Published02 Dec 2021

Abstract

A miniaturized ultra-wideband multiple-input multiple-output (UWB MIMO) two-port antenna with high isolation based on FR4 is designed in this article. The size of the antenna is only 18 × 28 × 1.6 mm3. The MIMO antenna consists of two identical antenna elements symmetrically placed on the same dielectric substrate in opposite directions. By loading three crossed X-shaped stubs between two unconnected ground planes, high isolation and good impedance matching are achieved. The working frequency band measured by this UWB MIMO antenna is 1.9–14 GHz, and the isolation is kept above 20.2 dB in the whole analysis frequency band. Good radiation characteristics as well as envelope correlation coefficient (ECC, <0.09), mean effective gain (MEG), and channel capacity loss (CCL) in the passband meet the requirements of the application, which can be applied to the UWB wireless communication system. To verify the applicability of the proposed method for enhancing the isolation between antenna elements, the two-port antenna structure was extended to a four-port antenna structure. In the case of loading the X-shaped stubs to connect to the ground plane, the isolation of the antenna is maintained above 15.5 dB within 1.7–14 GHz.

1. Introduction

With the rapid development of the wireless communication field, people’s requirements for communication quality and high speed increase accordingly. To improve the system capacity (by applying multiplexing technology) and reliability (by applying diversity technology), the multiple-input multiple-output (MIMO) technology is proposed. By using the advantages of these two aspects, the transmission signal is appropriately encoded and decoded. MIMO is a technology that uses multiple antenna elements at both ends of the transmitter and receiver. To make the MIMO system work normally, it is necessary to reduce the correlation of the antenna elements in the system [1]. For this reason, several methods for reducing the correlation between elements in an antenna array in a MIMO system have been proposed, for example, defect ground structure decoupling [2, 3], parasitic stub decoupling [46], neutralization line decoupling [79], diversity technology decoupling [1012], and electromagnetic band-gap (EBG) structure decoupling [13, 14]. Especially in ultra-wideband (UWB) systems, it is difficult to achieve long-distance transmission due to the disadvantages of low radiation power and multipath fading. Therefore, the combination of UWB technology and MIMO technology can transmit multiple paths at the same time. Without increasing the antenna’s radiation power, the transmission distance of the UWB system is significantly improved [15]. The ultra-wideband multiple-input multiple-output (UWB MIMO) technology has been deeply studied by many scholars because of its high transmission rate, good communication quality, and large channel capacity.
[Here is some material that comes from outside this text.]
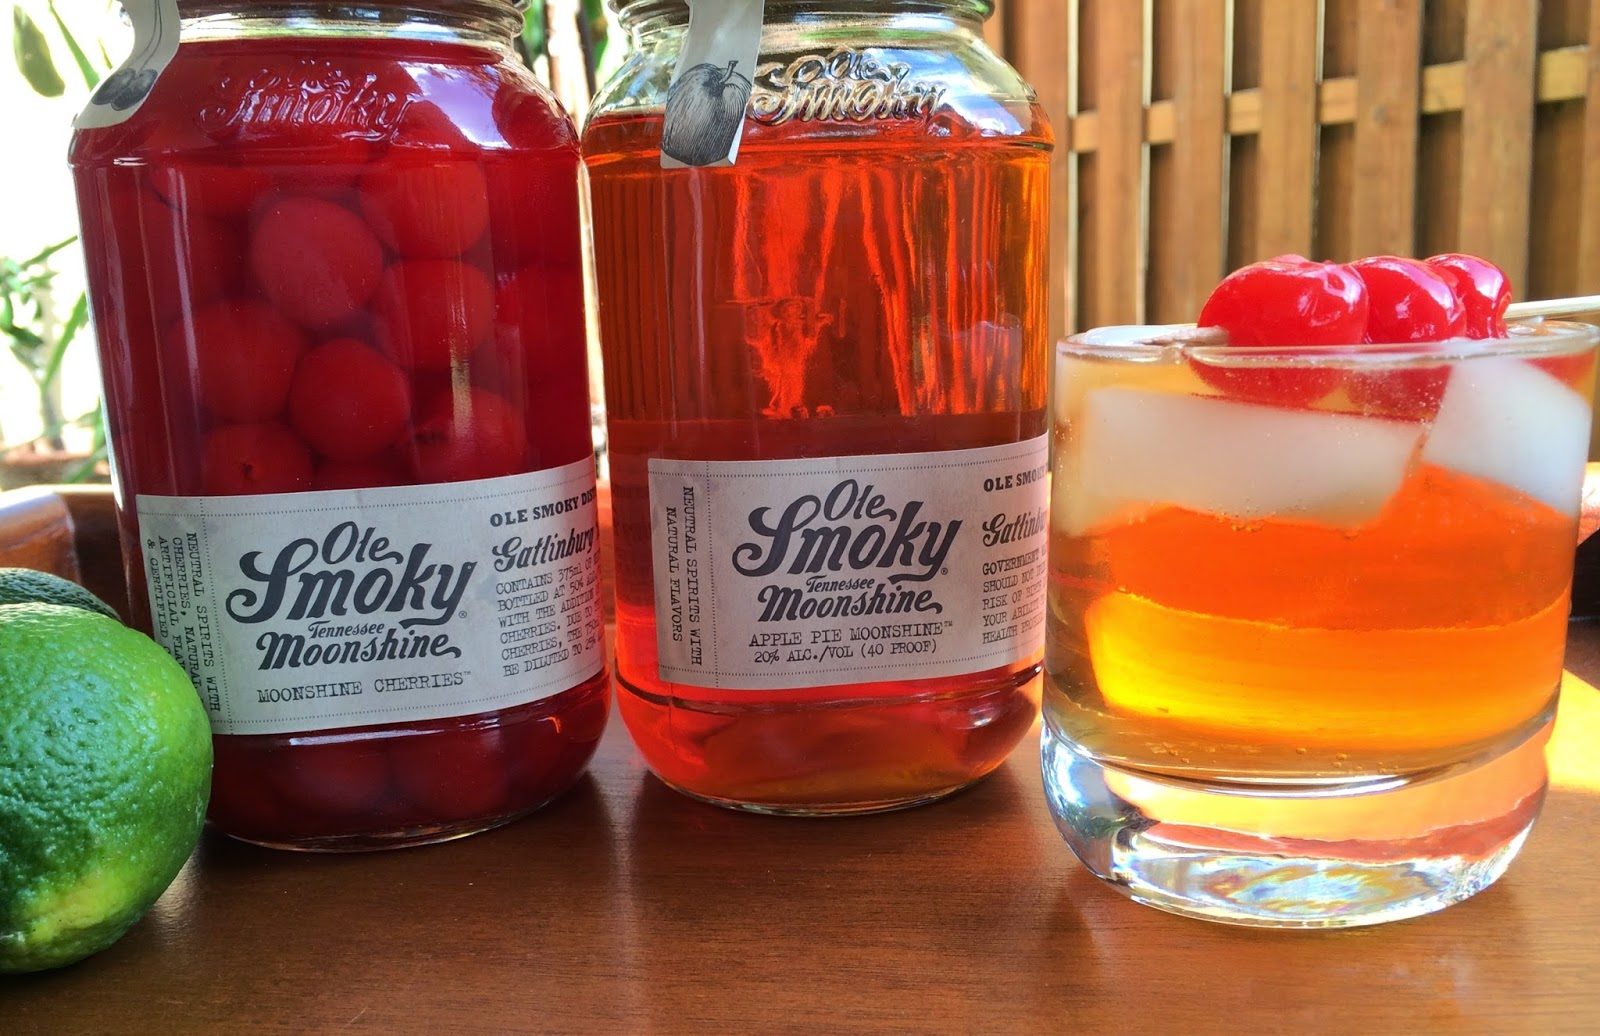 ole smoky apple pie moonshine - photo #22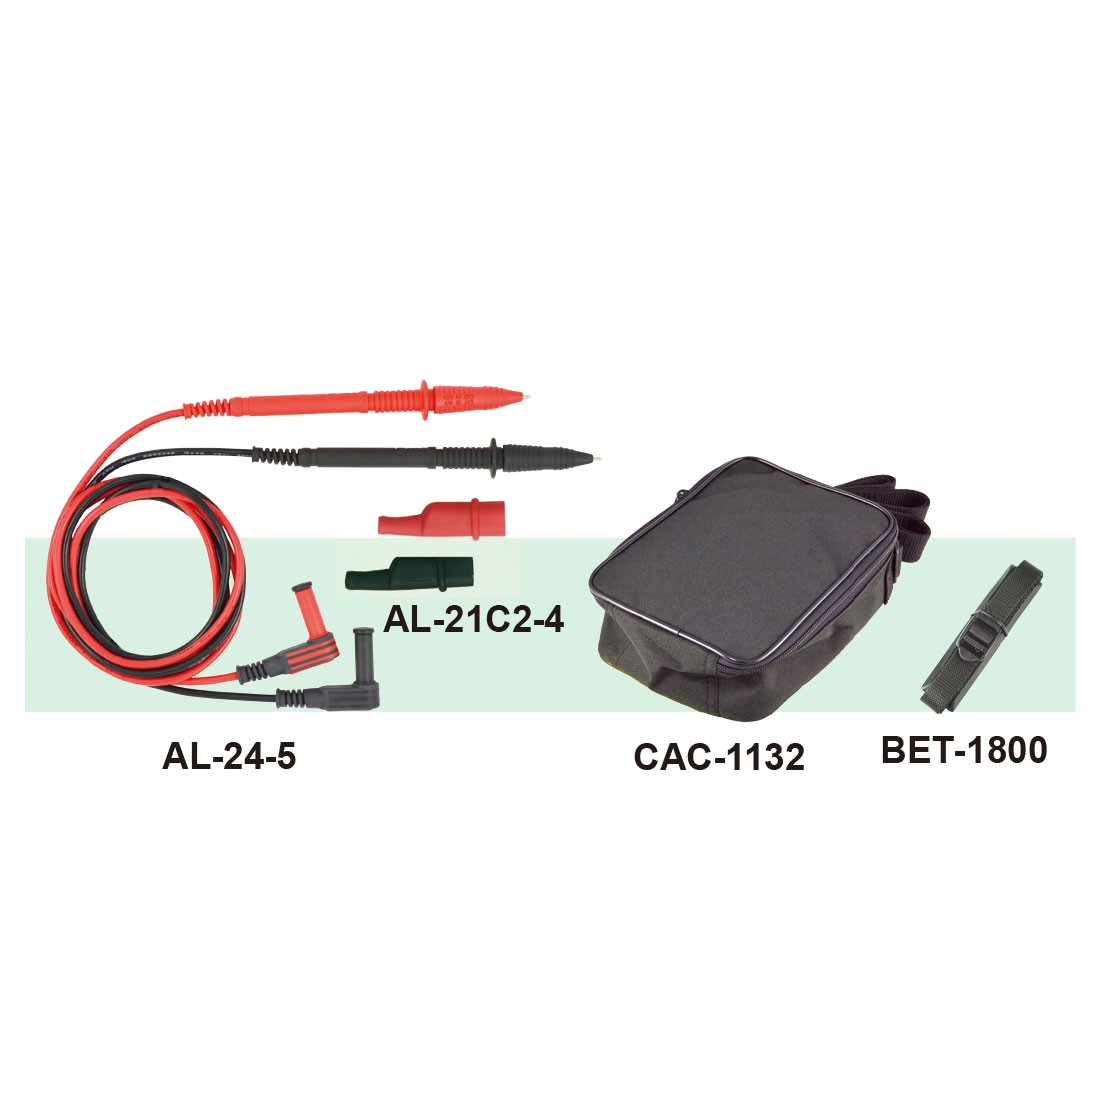 1131IN Series: Analogue (1kV below) Insulation Tester

In the design of UWB MIMO antennas, the ground plane structure has a separate ground plane [16, 17] and a common ground plane. In the design process of the same MIMO antenna structure, a separate ground plane is usually better than a shared ground plane in terms of isolation between antenna elements. Considering that the MIMO antenna connected to the ground plane will be better applied to the commercial field [18], the decoupling structure of the MIMO antenna that shares the ground plane is further analyzed. Reference [19] loads an inverted T-slot at the top of the center of the common ground plane of two rectangular antenna elements so that the isolation of the antenna is maintained above 24.5 dB within 3–5 GHz. Loading a vertical rectangular slot near the bottom of the ground plane reduces the isolation of the antenna in the range of 5–10.6 GHz and keeps the isolation of the antenna above 20 dB within 3.1–10.6 GHz. Reference [20] reduces the coupling between antenna elements by loading slotted rectangular parasitic stubs on the ground plane and keeps the isolation of the antenna above 20 dB within 2–13.7 GHz. Reference [21] connects two circular radiating patches by loading a wideband neutralization line between two antenna elements. The current coupling of the ground plane is reduced so that the isolation of the antenna is maintained above 22 dB within 3.1–5 GHz. Reference [22] designed a four-port MIMO antenna. Through the use of polarization diversity technology, the isolation of the antenna is maintained above 17 dB within 3–13.2 GHz. In addition, loading a set of slots on the ground plane further reduces the envelope correlation coefficient of the MIMO antenna. Reference [23] designed a four-port double-sided UWB MIMO antenna. By loading the EBG structure on the front and back of the antenna, the isolation of the antenna was kept above 20 dB within 3–11 GHz.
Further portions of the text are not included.